*** AVAILABLE DATA Section Begins ***
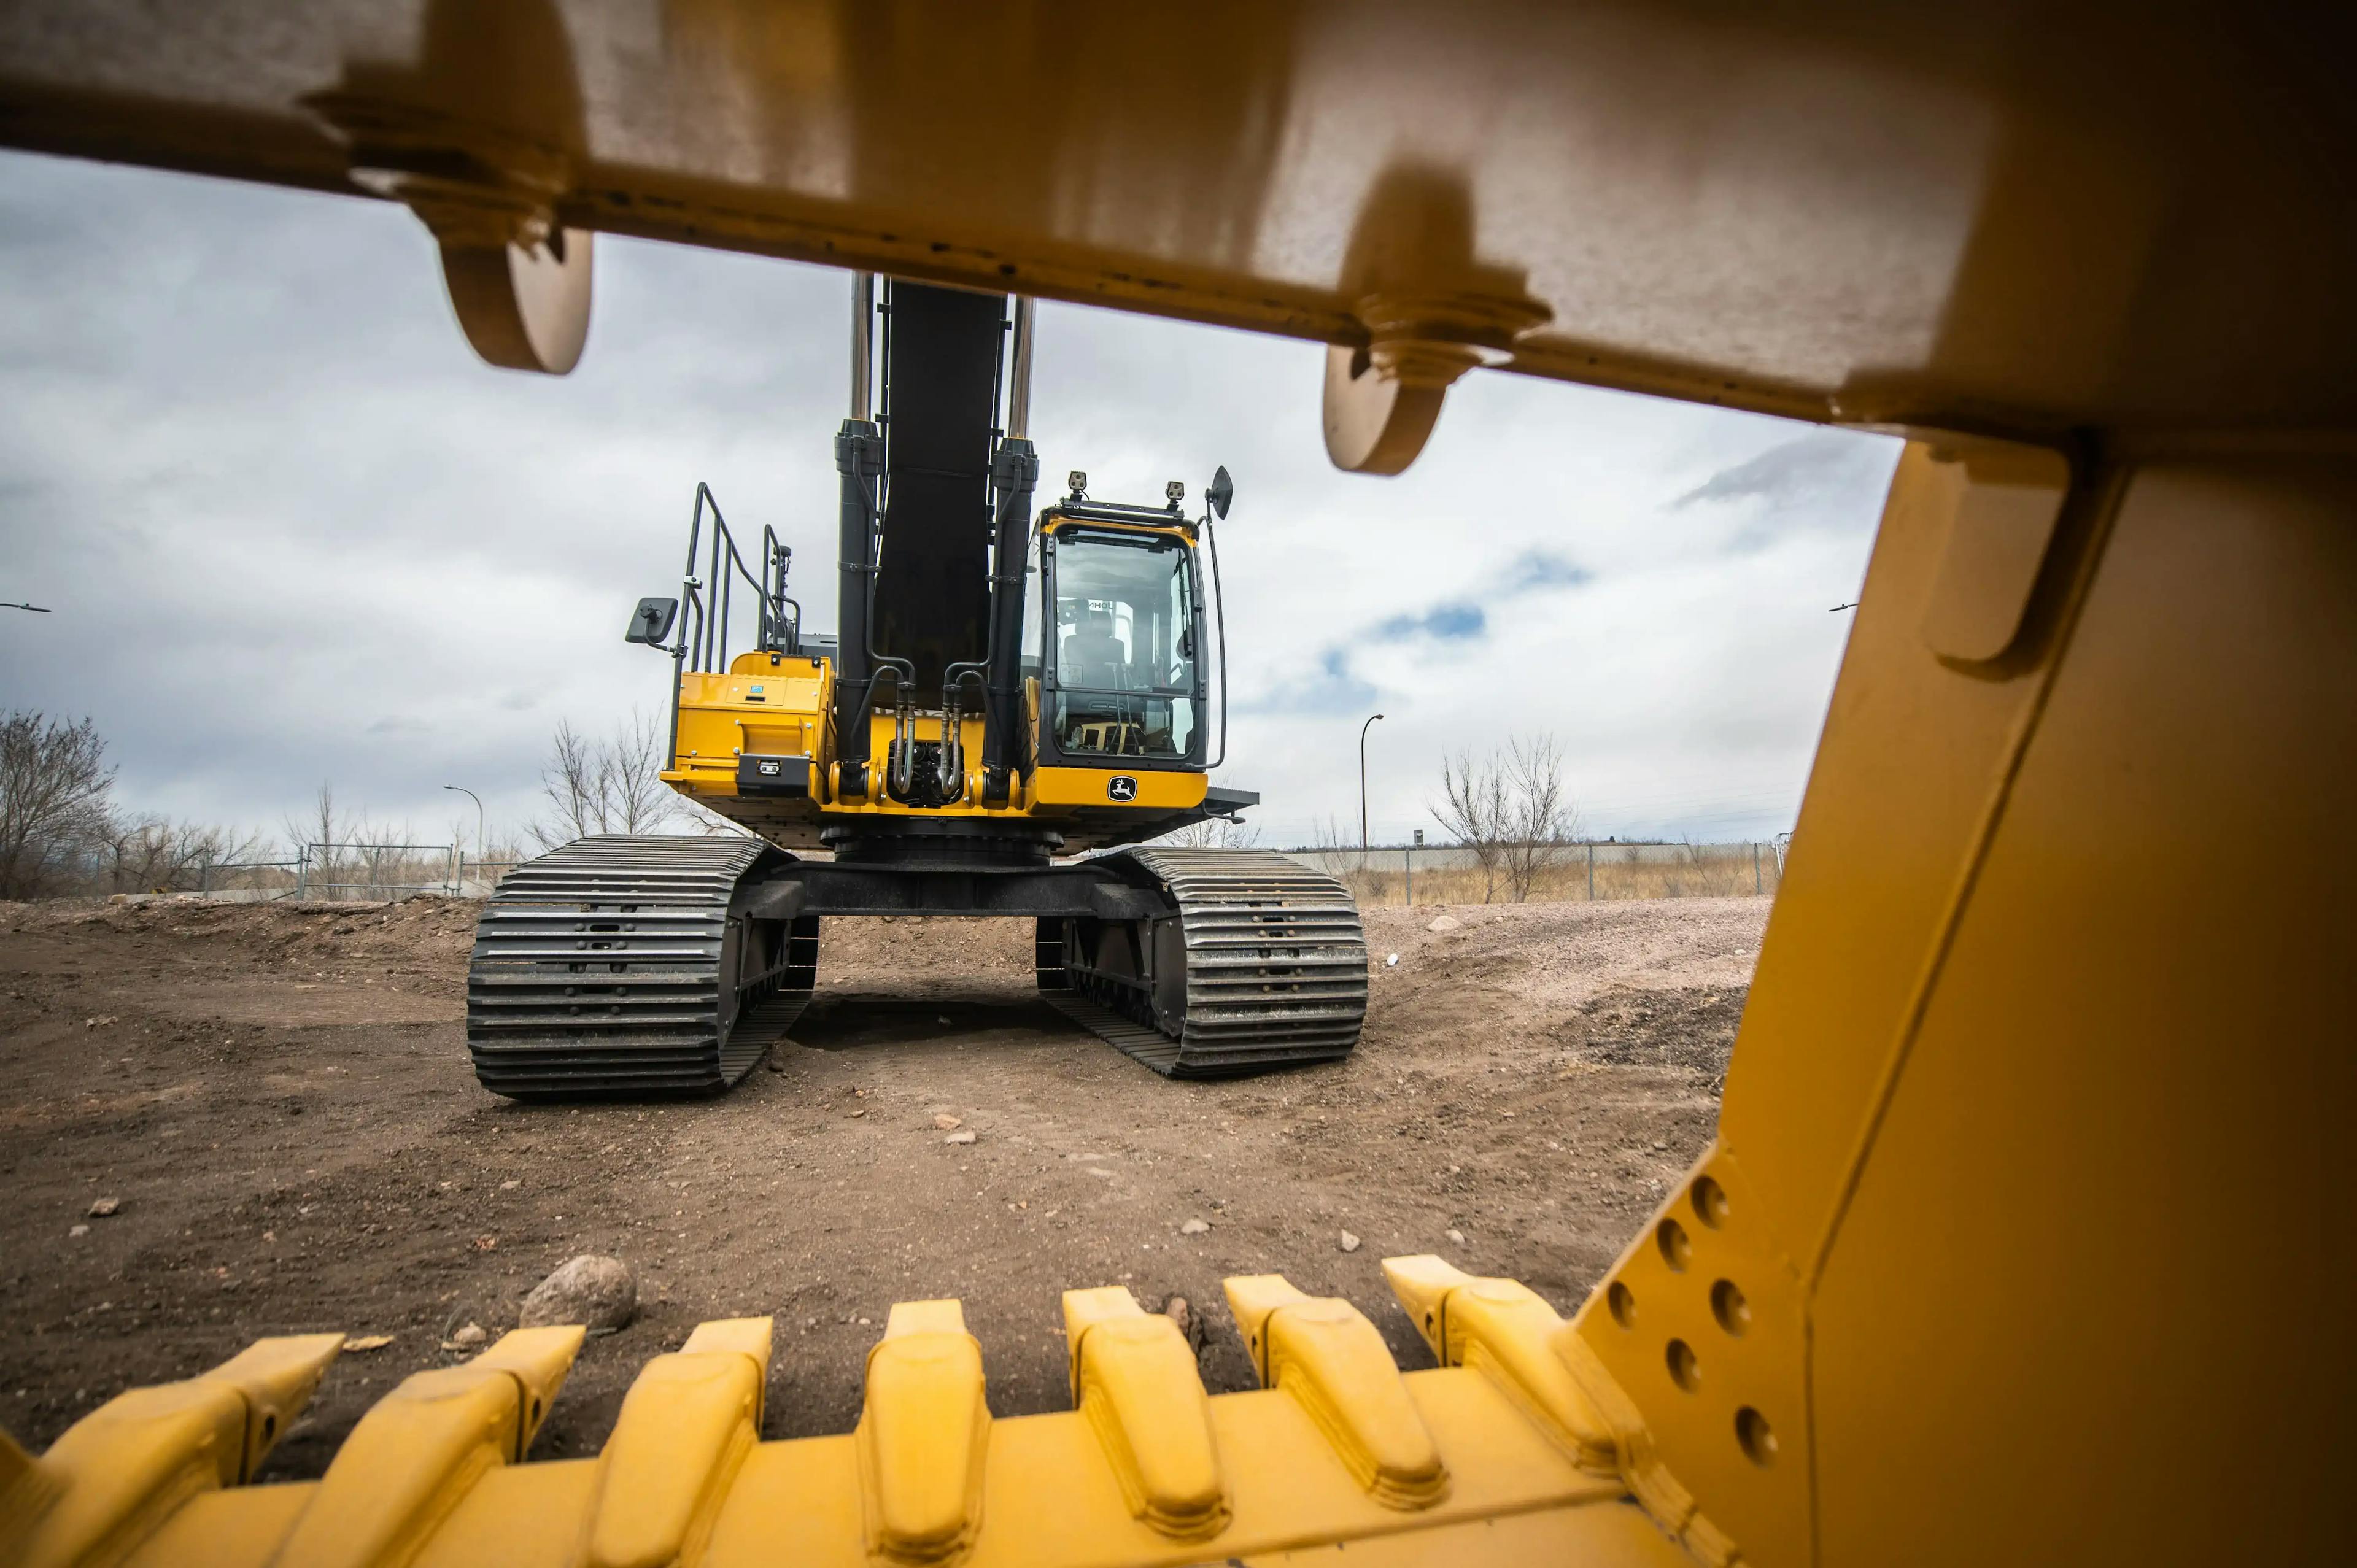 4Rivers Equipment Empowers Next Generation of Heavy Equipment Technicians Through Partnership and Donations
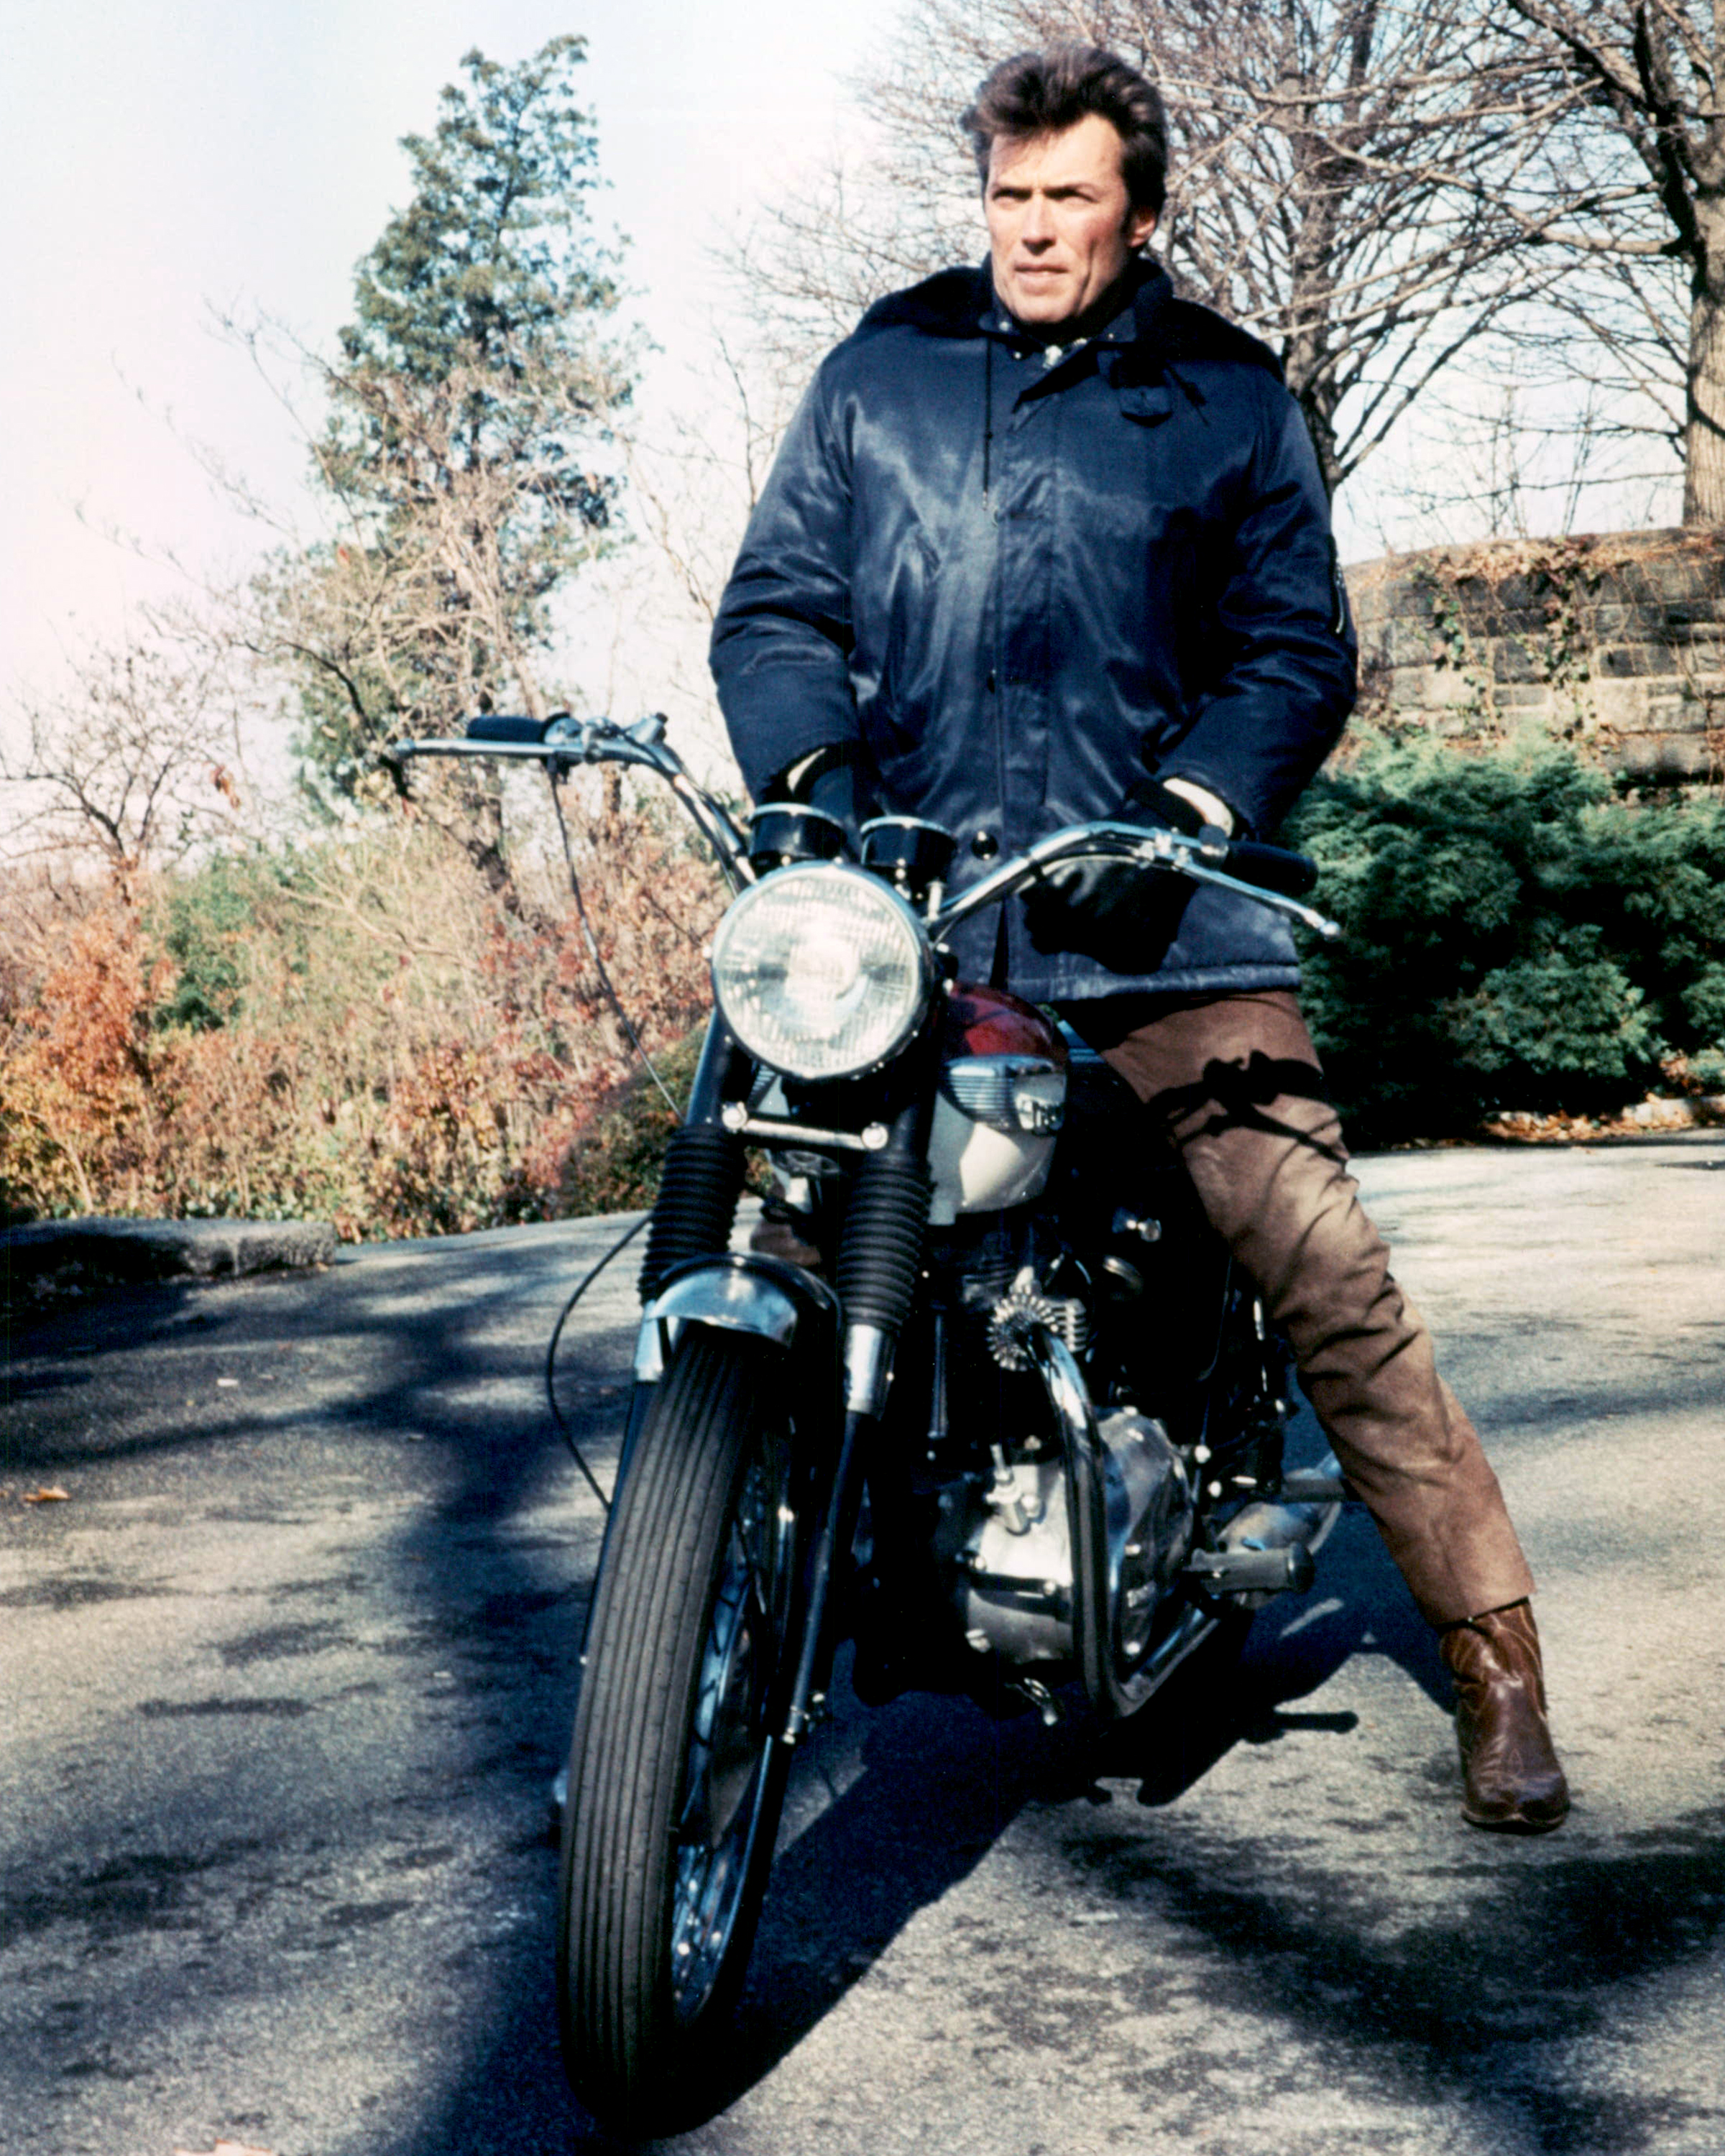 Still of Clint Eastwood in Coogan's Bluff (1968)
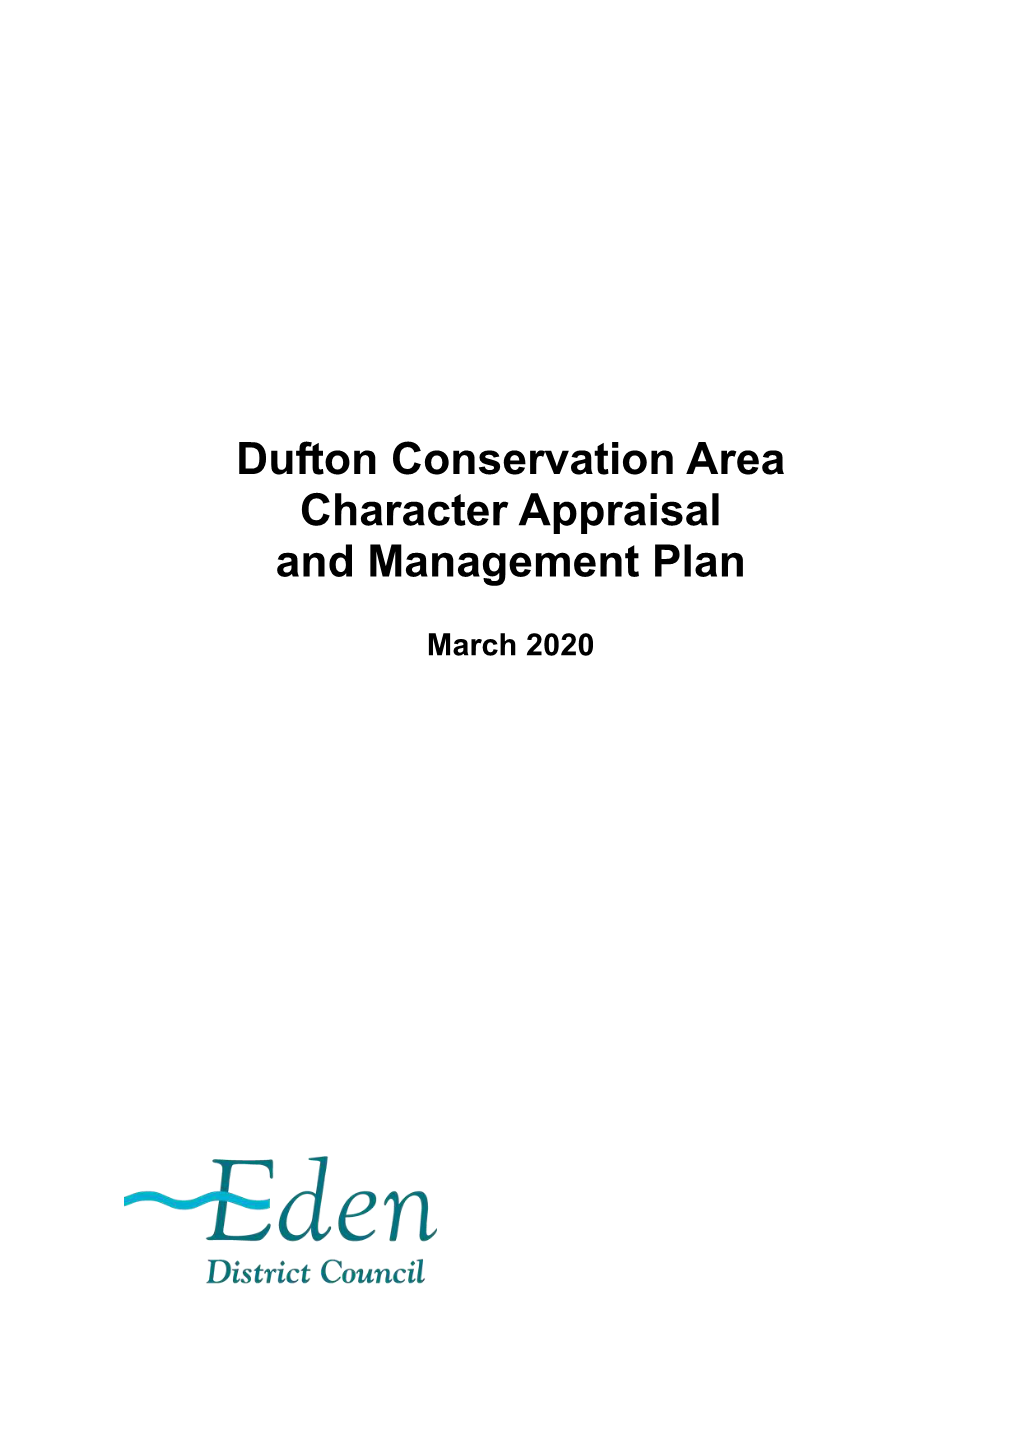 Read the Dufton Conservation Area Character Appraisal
*** AVAILABLE DATA Section Ends ***
* _TASK GOAL_
With pictures omitted, copy exactly the lines from the one containing "Still of Clint" through the final line of the listing, both included.

* _TASK ANSWER_
 Still of Clint Eastwood in Coogan's Bluff (1968)
 Read the Dufton Conservation Area Character Appraisal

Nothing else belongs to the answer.